Born July 2006, Twitter now stands at 100 million users strong, and they tweet 230 million times a day.
"This is a dramatic coming-out of Twitter as a bullhorn for public events, a means of social organization," says Lee Rainie, director of Pew Research Center's Internet & American Life Project. "For many people, it's now the default, the reflexive move."
Proof people care
The year's hottest Twitter topic - seen in hashtags, that little pound sign (#) in front of a word or phrase that lets people find tweets containing it - was #egypt. No. 2 was #tigerblood, courtesy of the No. 1 most-tweeted-about actor, Charlie Sheen. (Liz Taylor was the top tweeted-about actress.) The top five most-tweeted-about places: Cairo, Egypt, Japan, Libya, and Tokyo.

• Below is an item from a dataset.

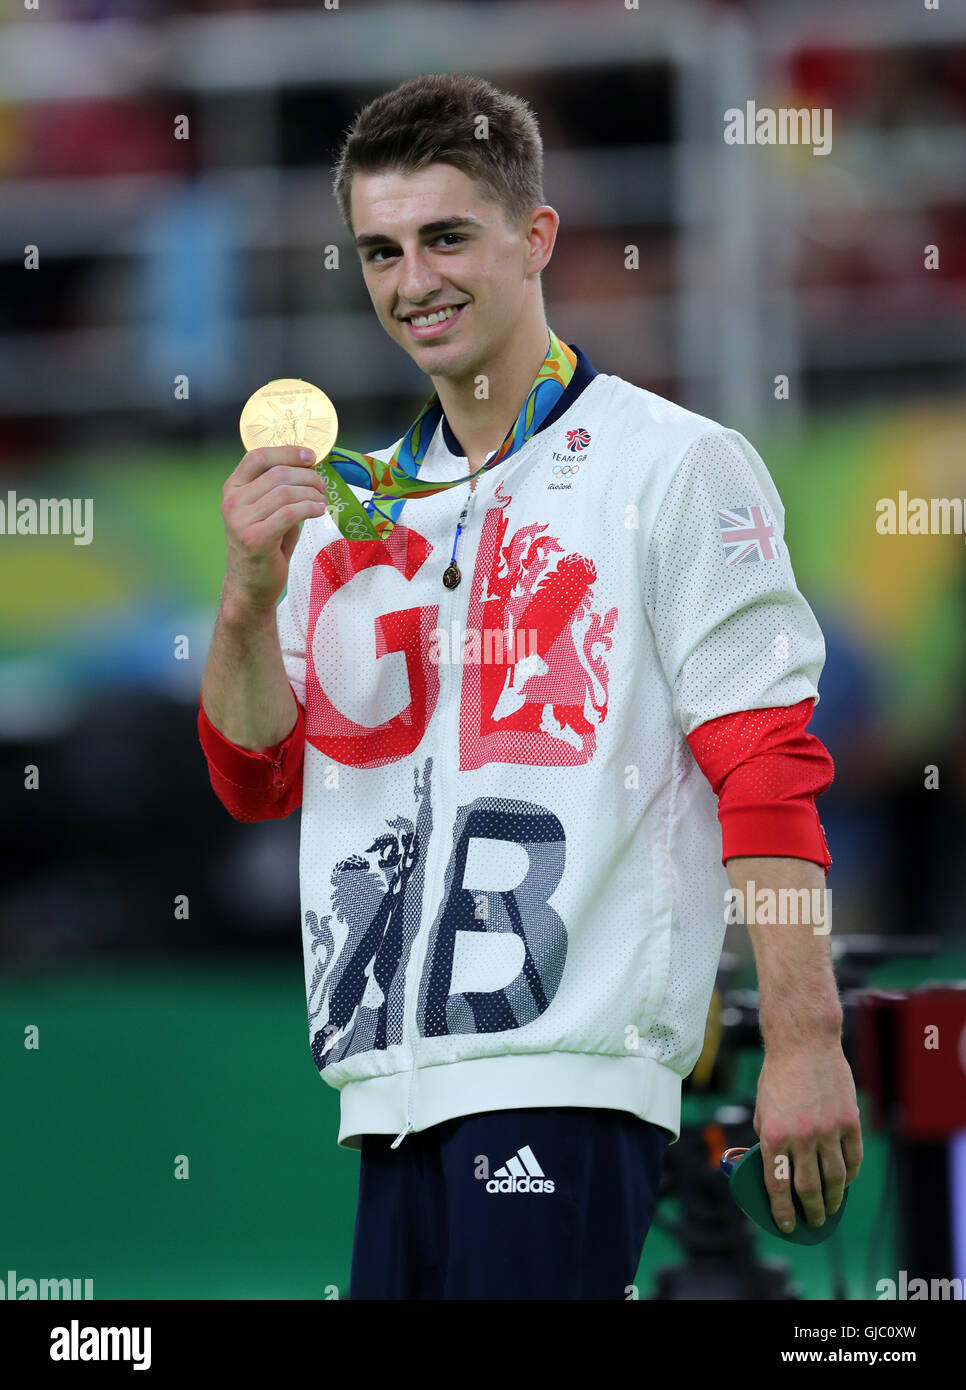 Der Brite Max Whitlock mit seiner Goldmedaille nach den Männern Pauschenpferd Finale am neunten Tag der Olympischen Spiele in Rio, Brasilien. Stockfoto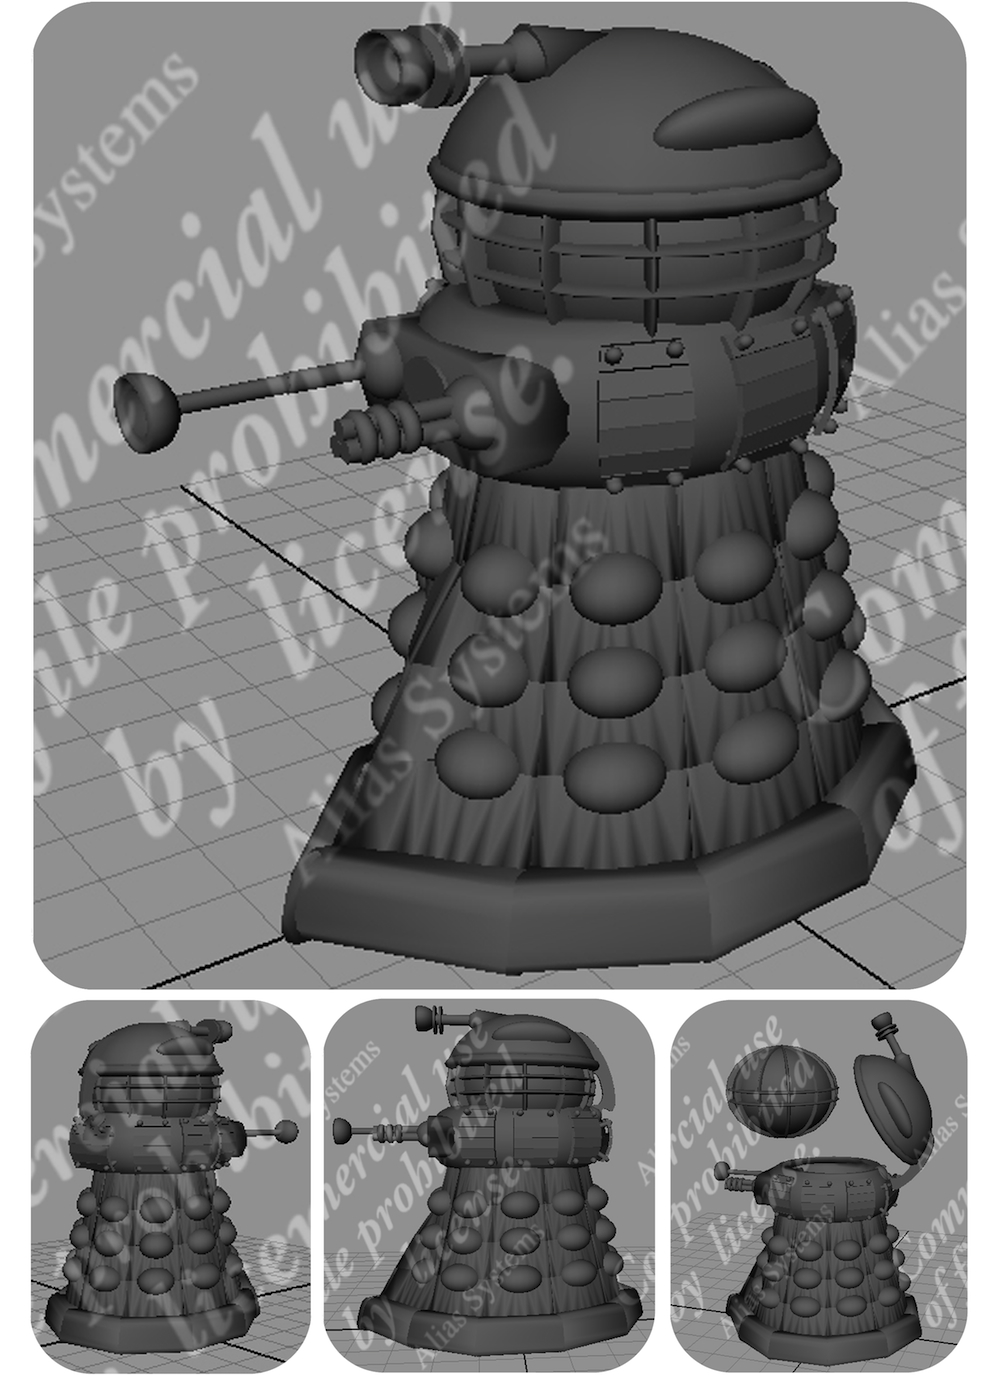 Modular digital Dalek (Doctor Who) design by Bruce Whistlecraft, Doktor A.

You can track what people care about through the rates of tweets per second (TPS) worldwide at any given time, and also through the "trending topics" - topics of especially rapid growth in tweets.
The world record for TPS - 8,868 - had been about the baby bump for Beyoncé and her pregnancy announcement Aug. 28 at the MTV Music Video Awards. But on Dec. 9, that was smashed to bits by a furious eruption in Japan during the showing of the anime film Castle in the Sky, with a mind-numbing 25,088 TPS.
Sports and entertainment, up among earthquakes and antiterrorist raids? That shows Twitter is the province of the young, but it also shows that millions of us are multimedia mavens.
As Bussmann points out, "Many of these tweets are people sharing what they just saw on TV, or on the Web - they're using two screens, and two media, at once."